— YOUR GOAL —
Copy each line of the following data that contains "Proof".
------ RECORDS FOR PROCESSING ------
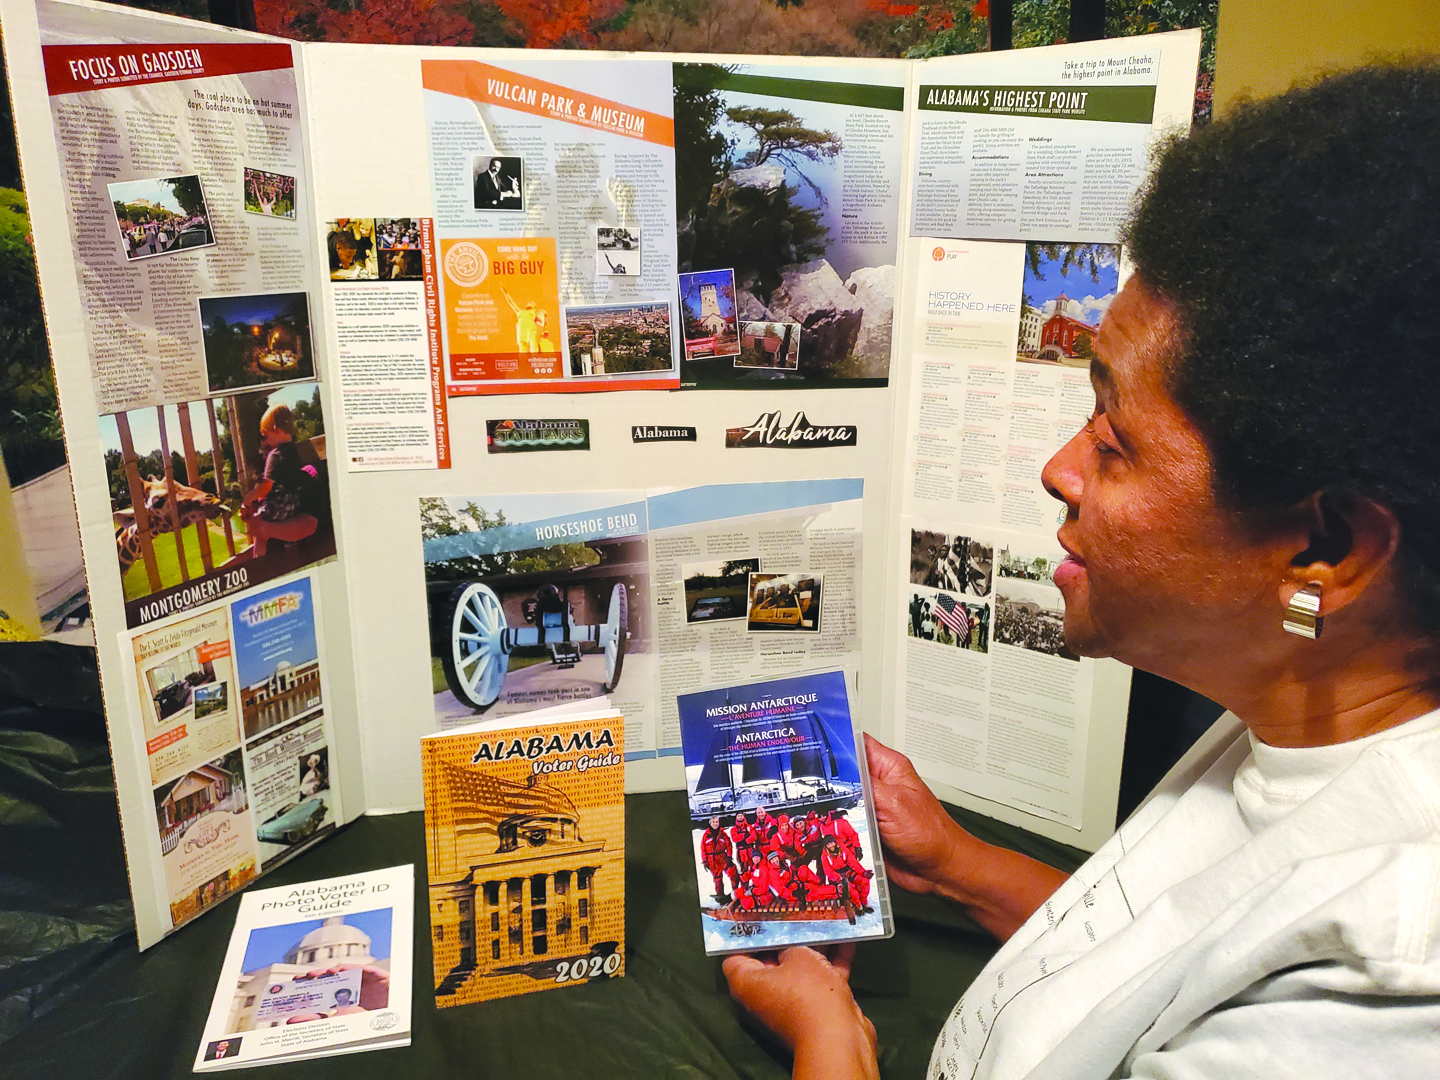 Lee County resident to showcase Alabama travels in museum display exhibit on March 5 and 6
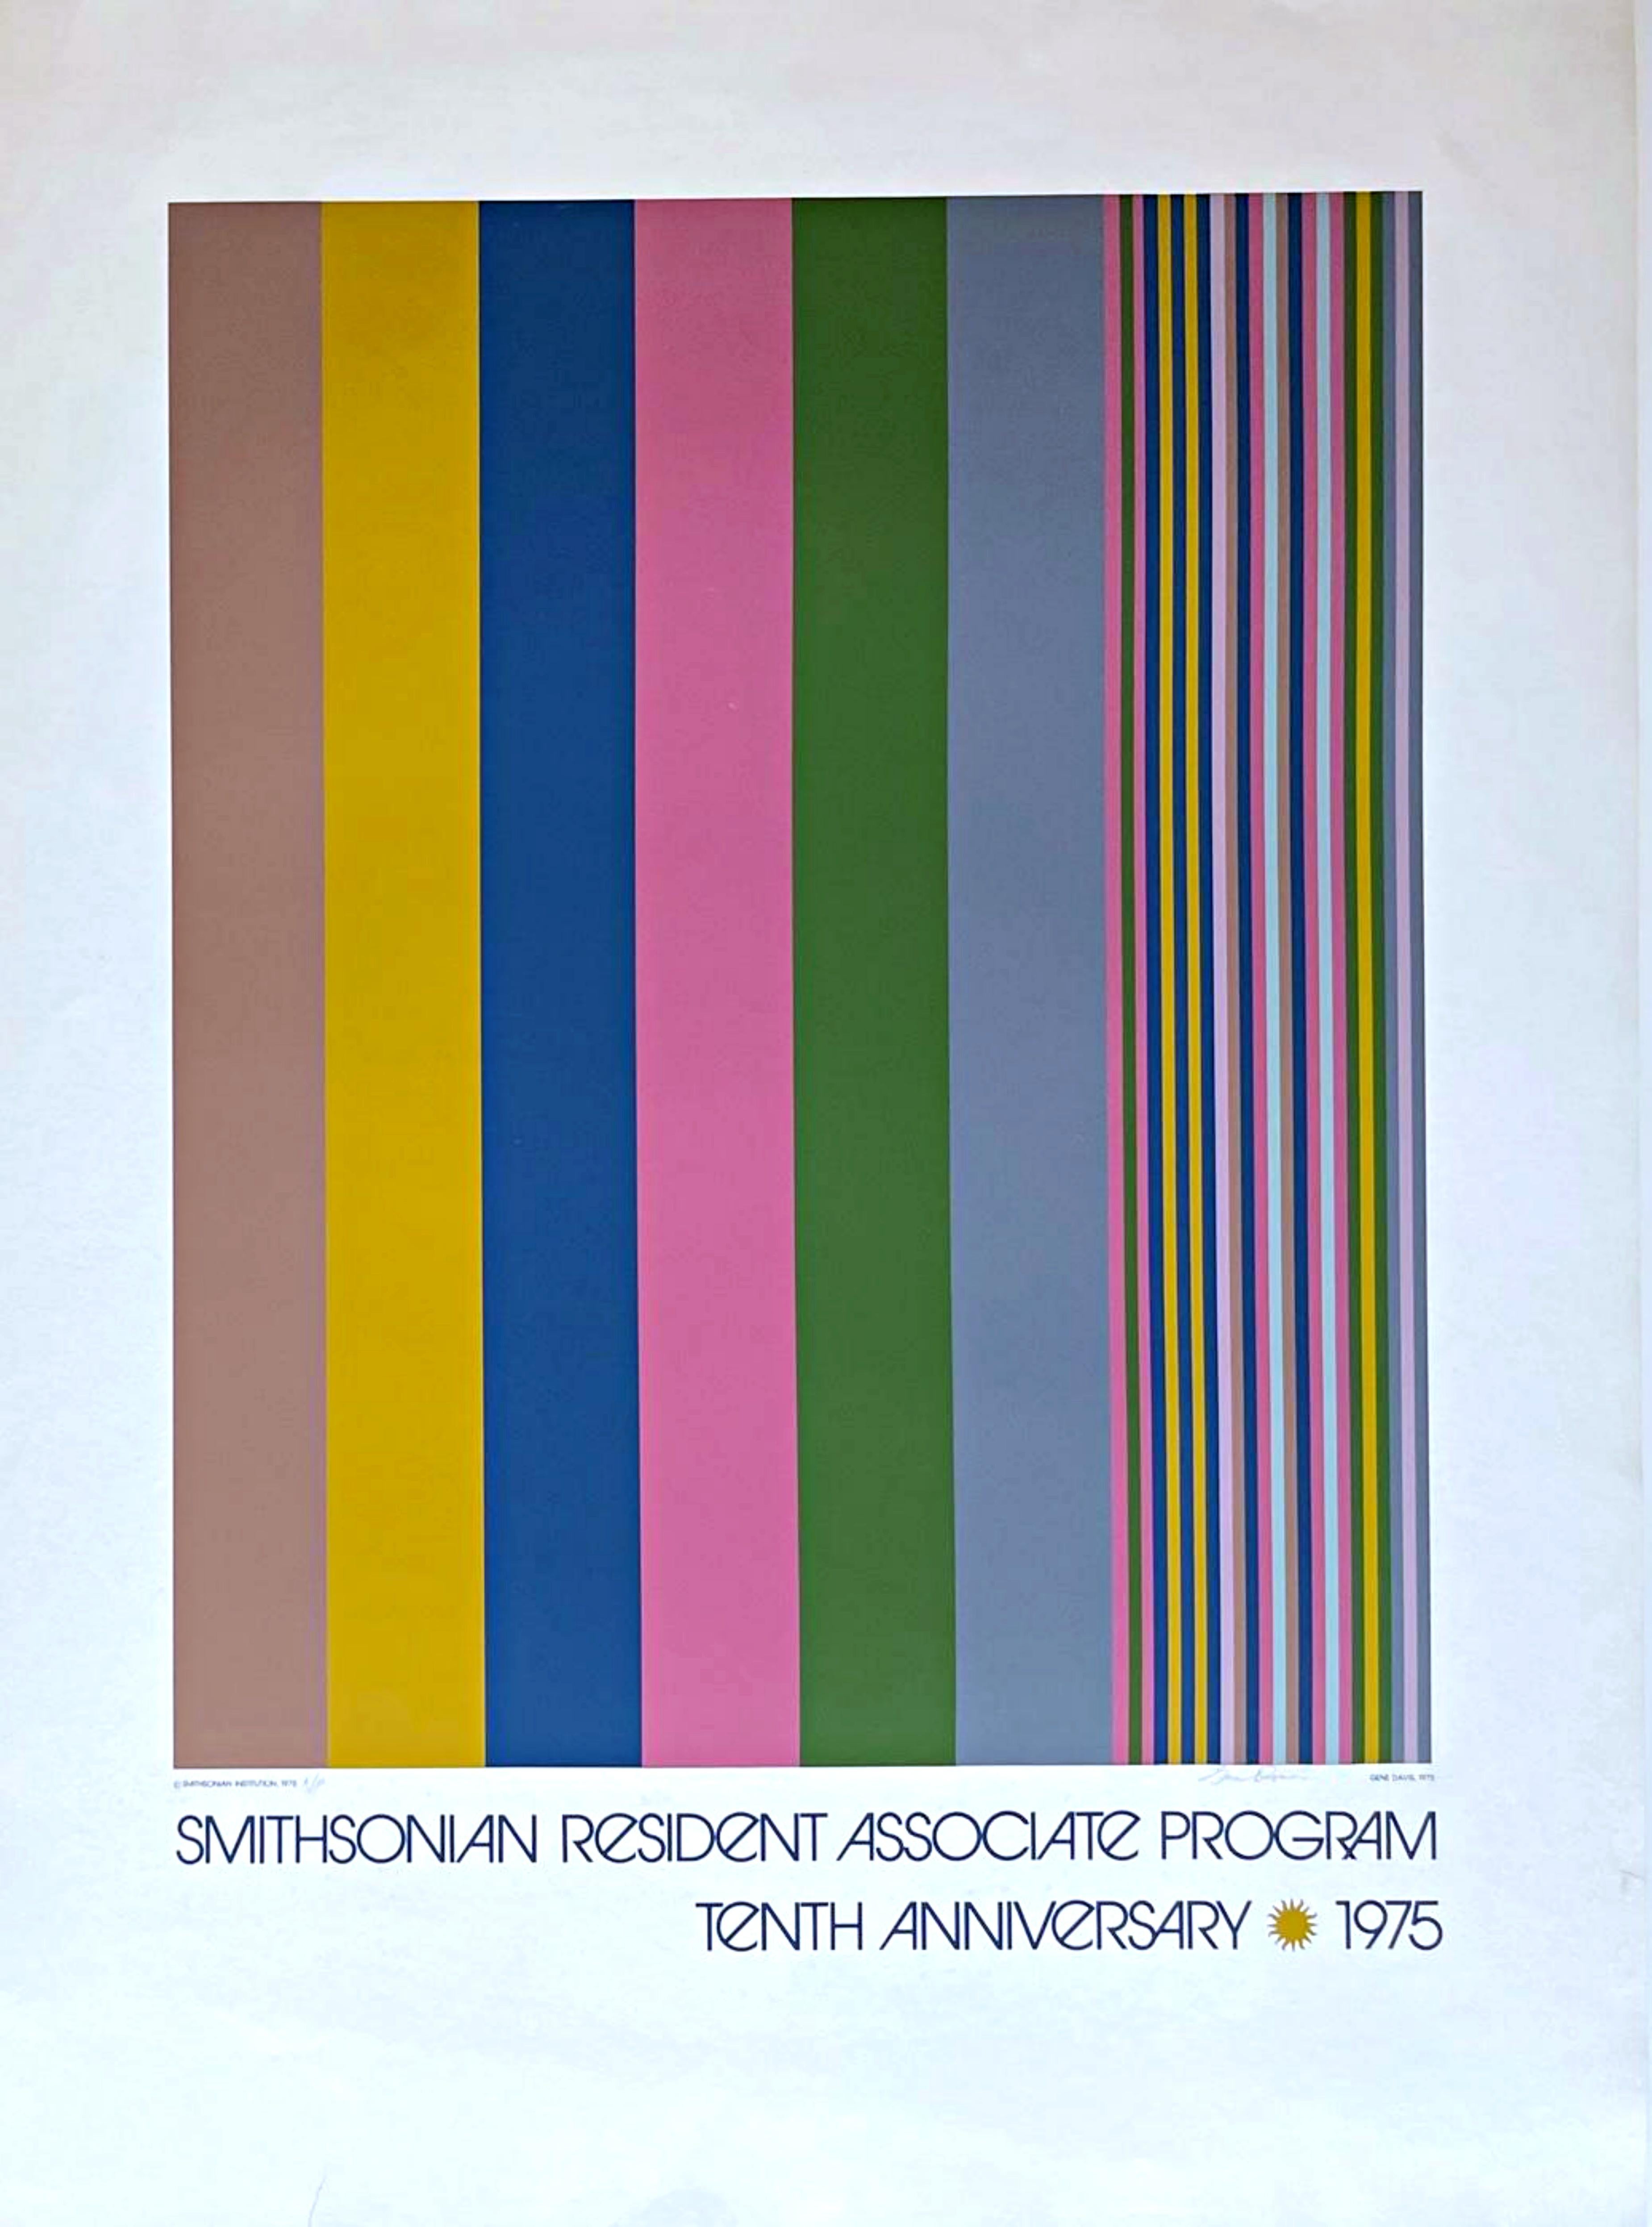 Gene Davis
Smithsonian Institution Resident Associate Program (Hand Signed & Numbered by Gene Davis), 1975
Offset lithograph poster (hand signed Artists Proof)
Pencil signed and annotated Artists Proof (AP) on the front
42 × 32 inches
Unframed
This
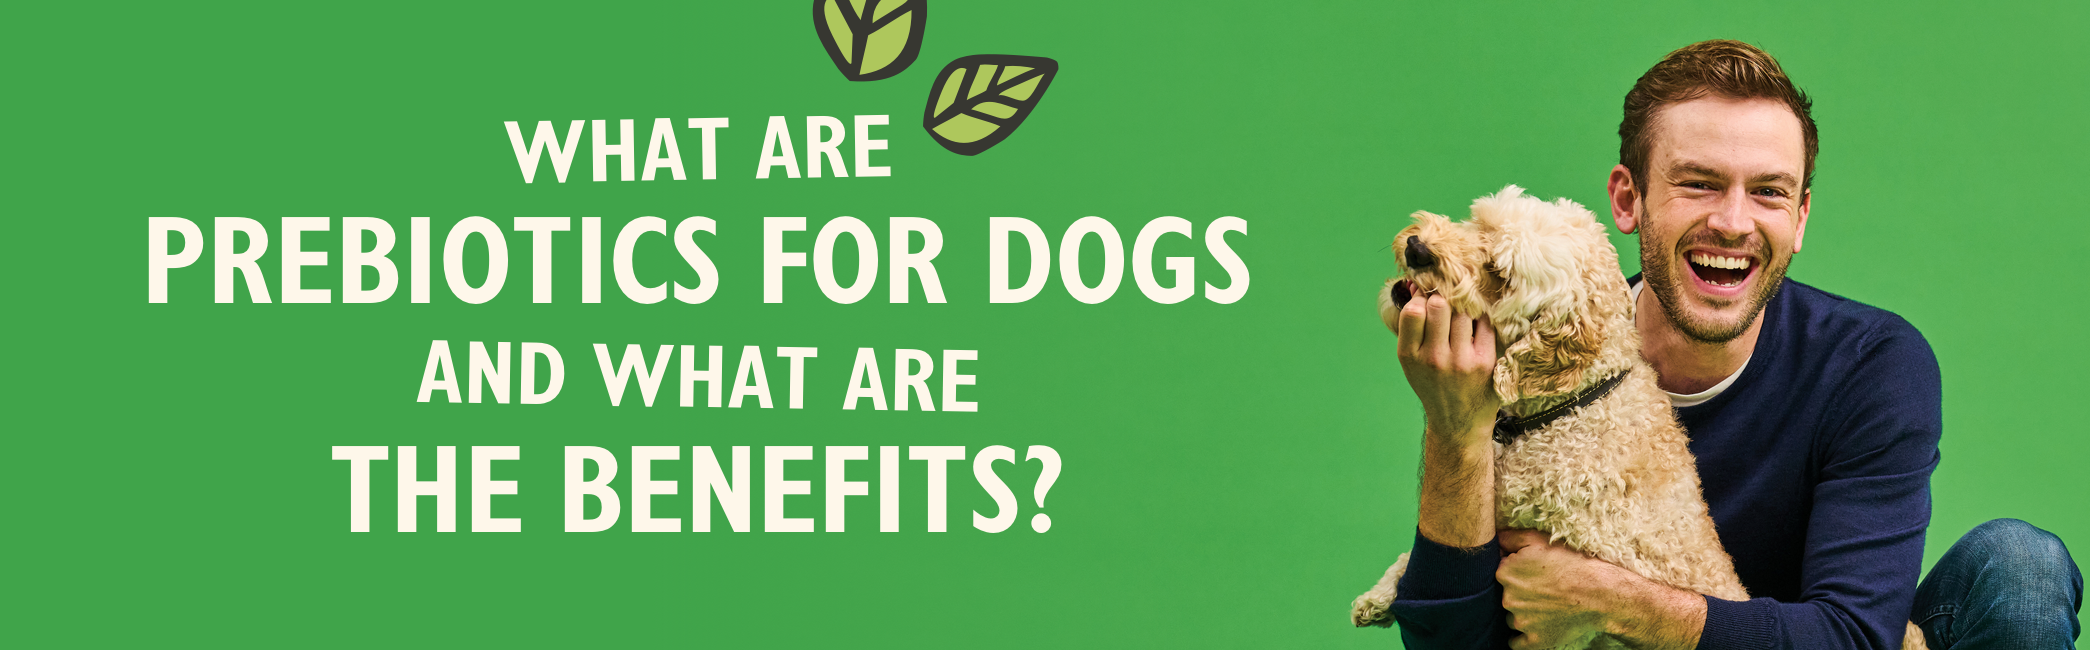 What Are Prebiotics For Dogs And What Are The Benefits with Rory the Vet
------
— TASK SOLUTION —
Offset lithograph poster (hand signed Artists Proof)
Pencil signed and annotated Artists Proof (AP) on the front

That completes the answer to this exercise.